Seen it? She’d bloody waved it in my face!

Jihoon continued talking, oblivious to my internal frustration. “She blamed it on a person who no longer works for the company, but would not say who.”

“That’s such bollocks!” I burst out, causing my phone to slip off my knee. I grasped for it, only just catching it before it tumbled to the floor. “Sorry,” I muttered.

Jihoon shrugged. “There’s nothing else to be done.”

I paused, running his words back in my mind. “Nothing? How can there be nothing?”

“She was asked to turn her phone over. They found nothing on it.”

“Nothing?” I felt stuck on that word, because how could there be nothing when I’d seen the photo myself?

“She must have the pictures backed up somewhere else,” I wondered aloud.

“It does not matter if she does,” he said, scoffing as he dragged a hand down his face, and for the first time I saw the strain in the lines around his eyes, the unhappy pinch of his mouth. He wasn’t nearly as calm as he was pretending to be.

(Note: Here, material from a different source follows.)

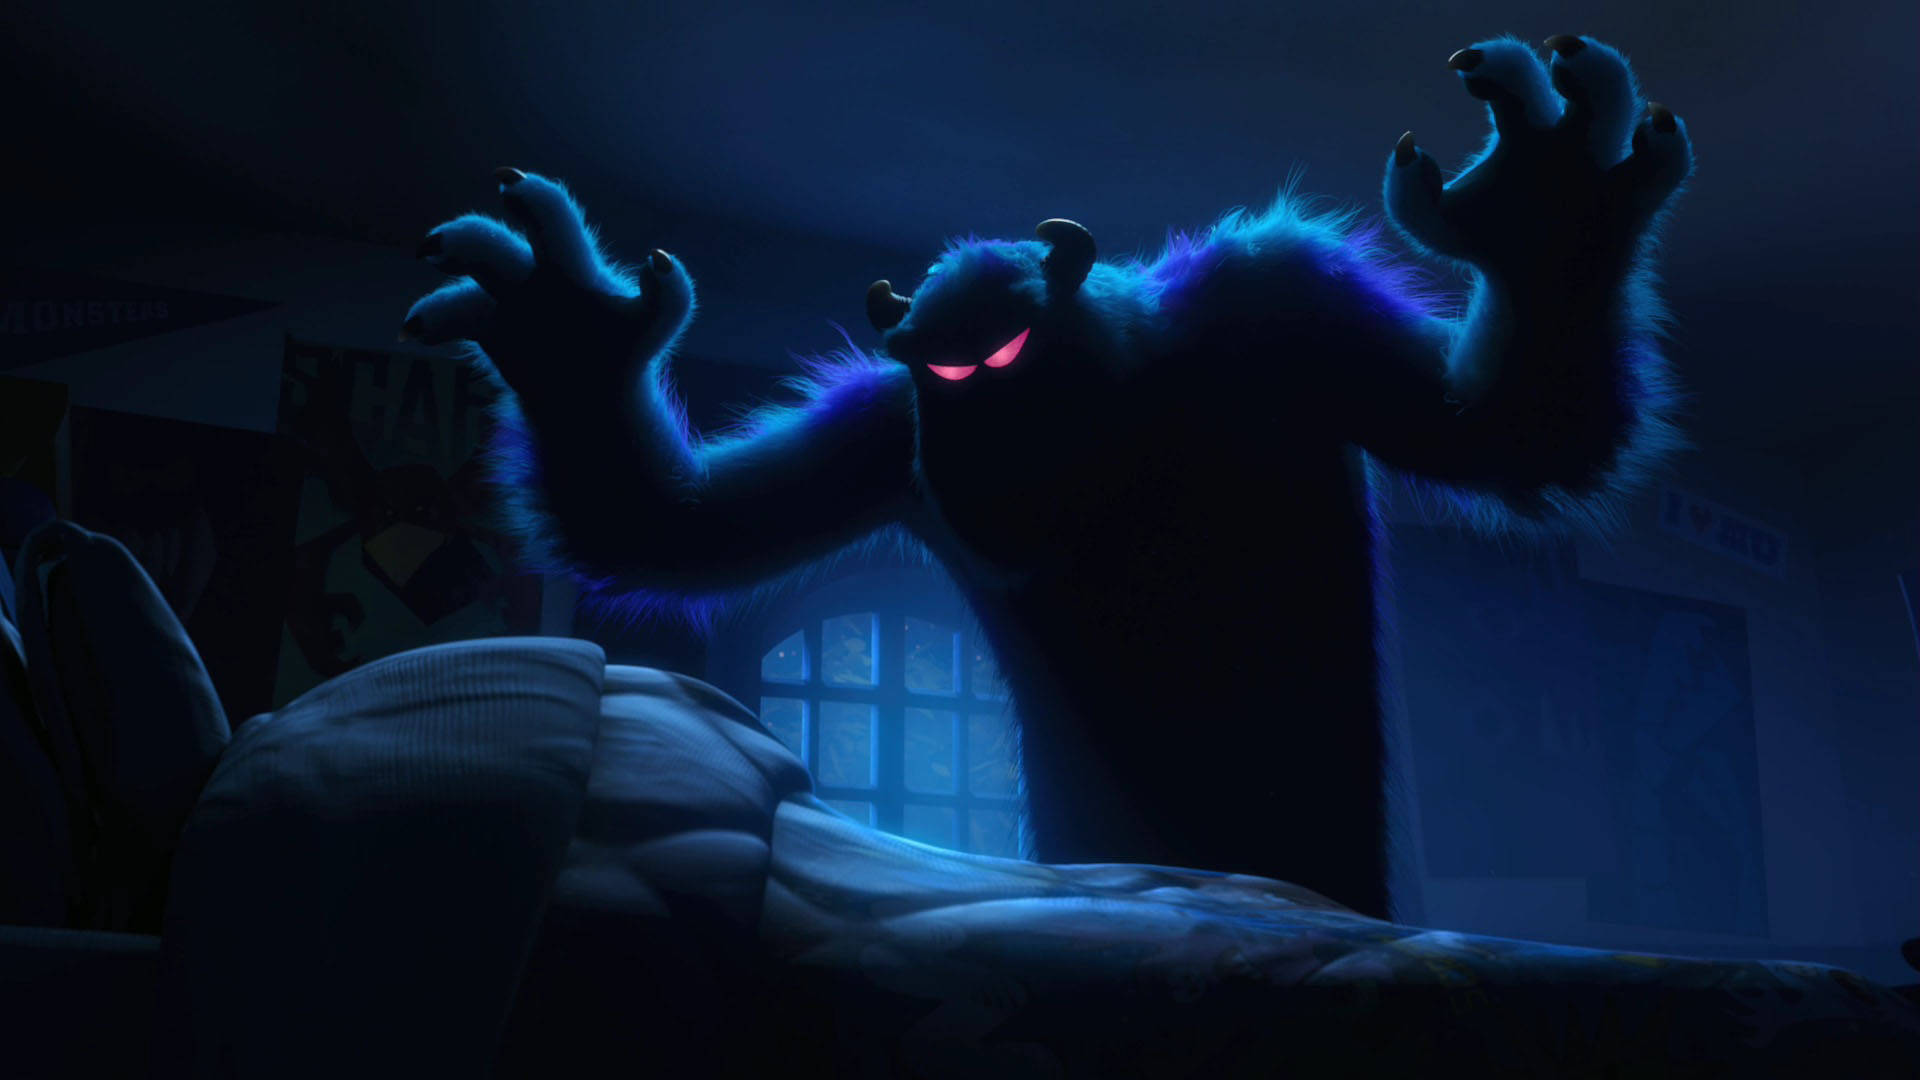 Sulley The Top Scarer
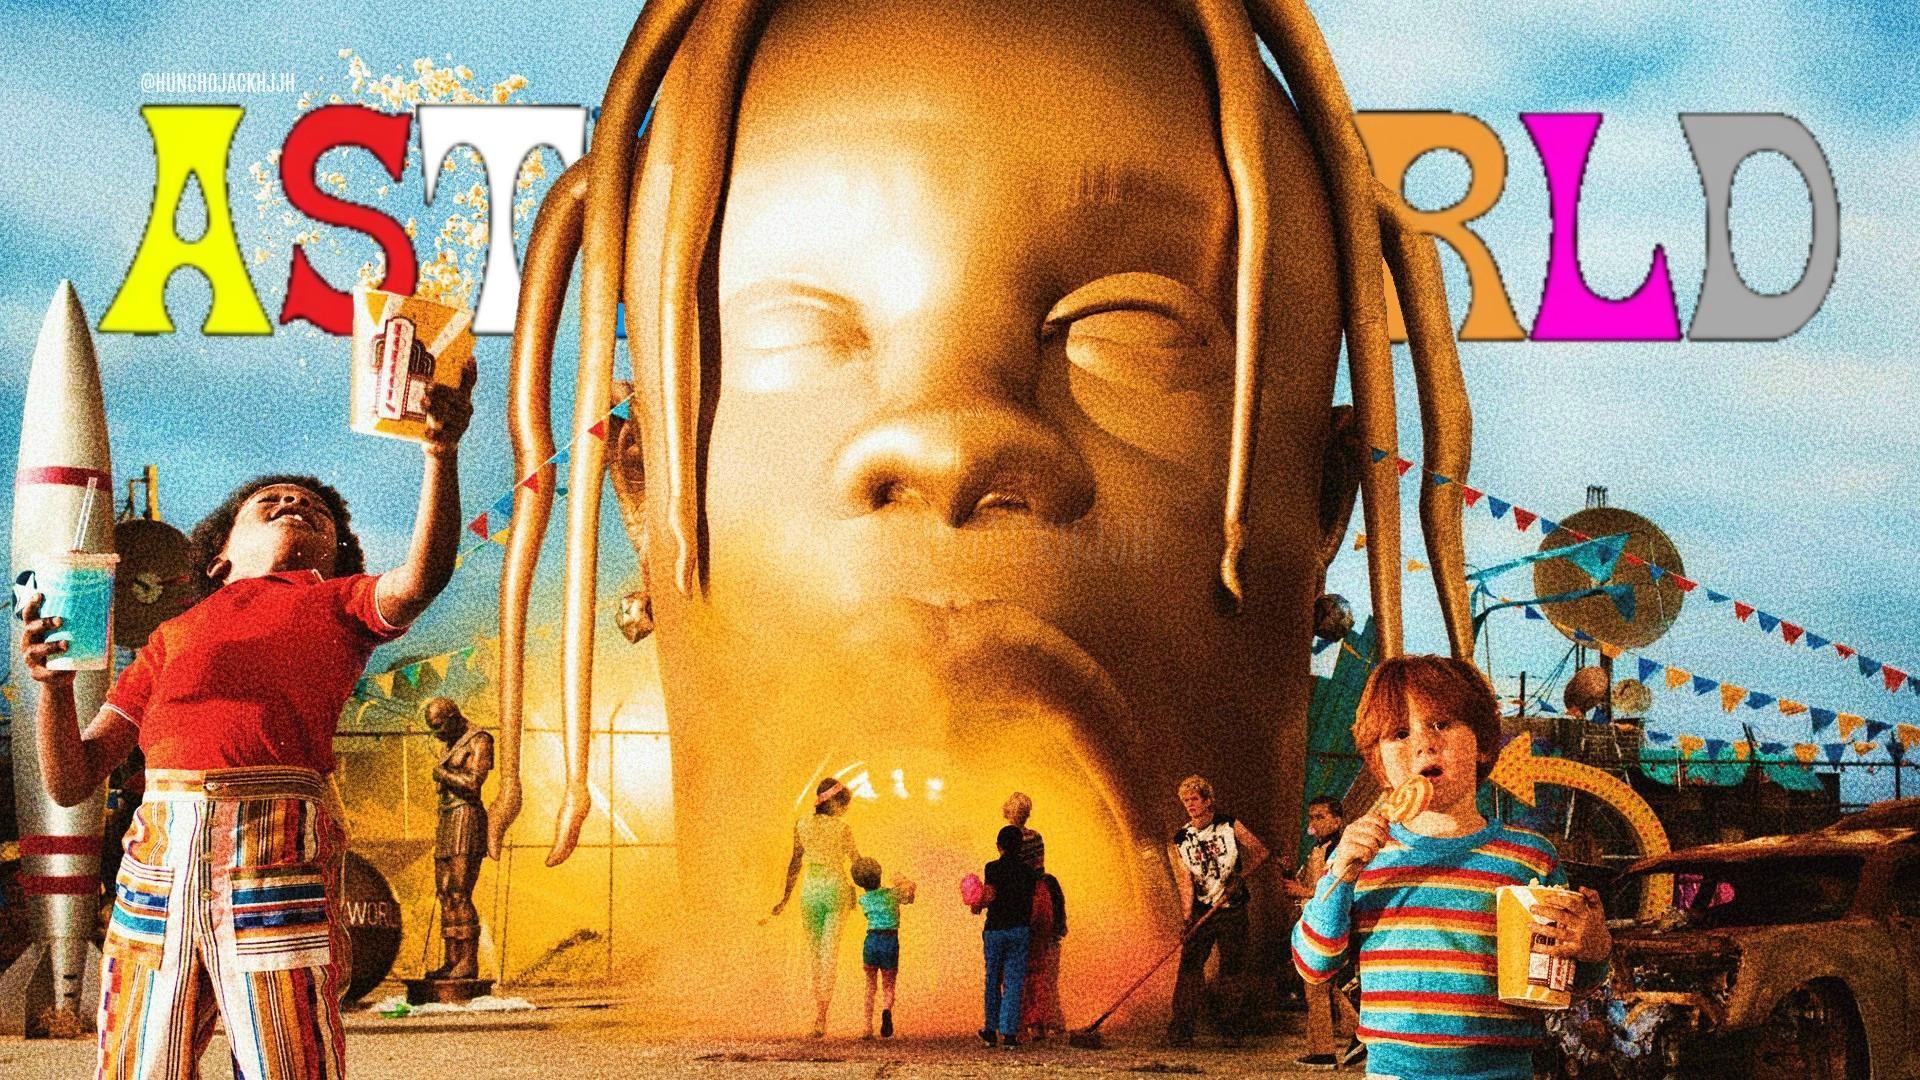 Made a Wallpaper with the Official Astroworld Cover Art

“The company cannot take her personal computer, and without evidence, the police will do nothing. Without proof the company cannot even fire her.”

“But she knows about you and me,” I protested weakly. At least, I was pretty sure she did.

“It’s her word against ours,” he sighed. “Anything she might say would just be another rumour, and I think there’s enough of those right now.”

“That’s whats been bugging me,” I admitted. “Why hasn’t she said anything? She could have easily put my name on theTabs, or anywhere else. Why hasn’t she?”

He sighed again, and it made me feel like an asshole for even bringing it up.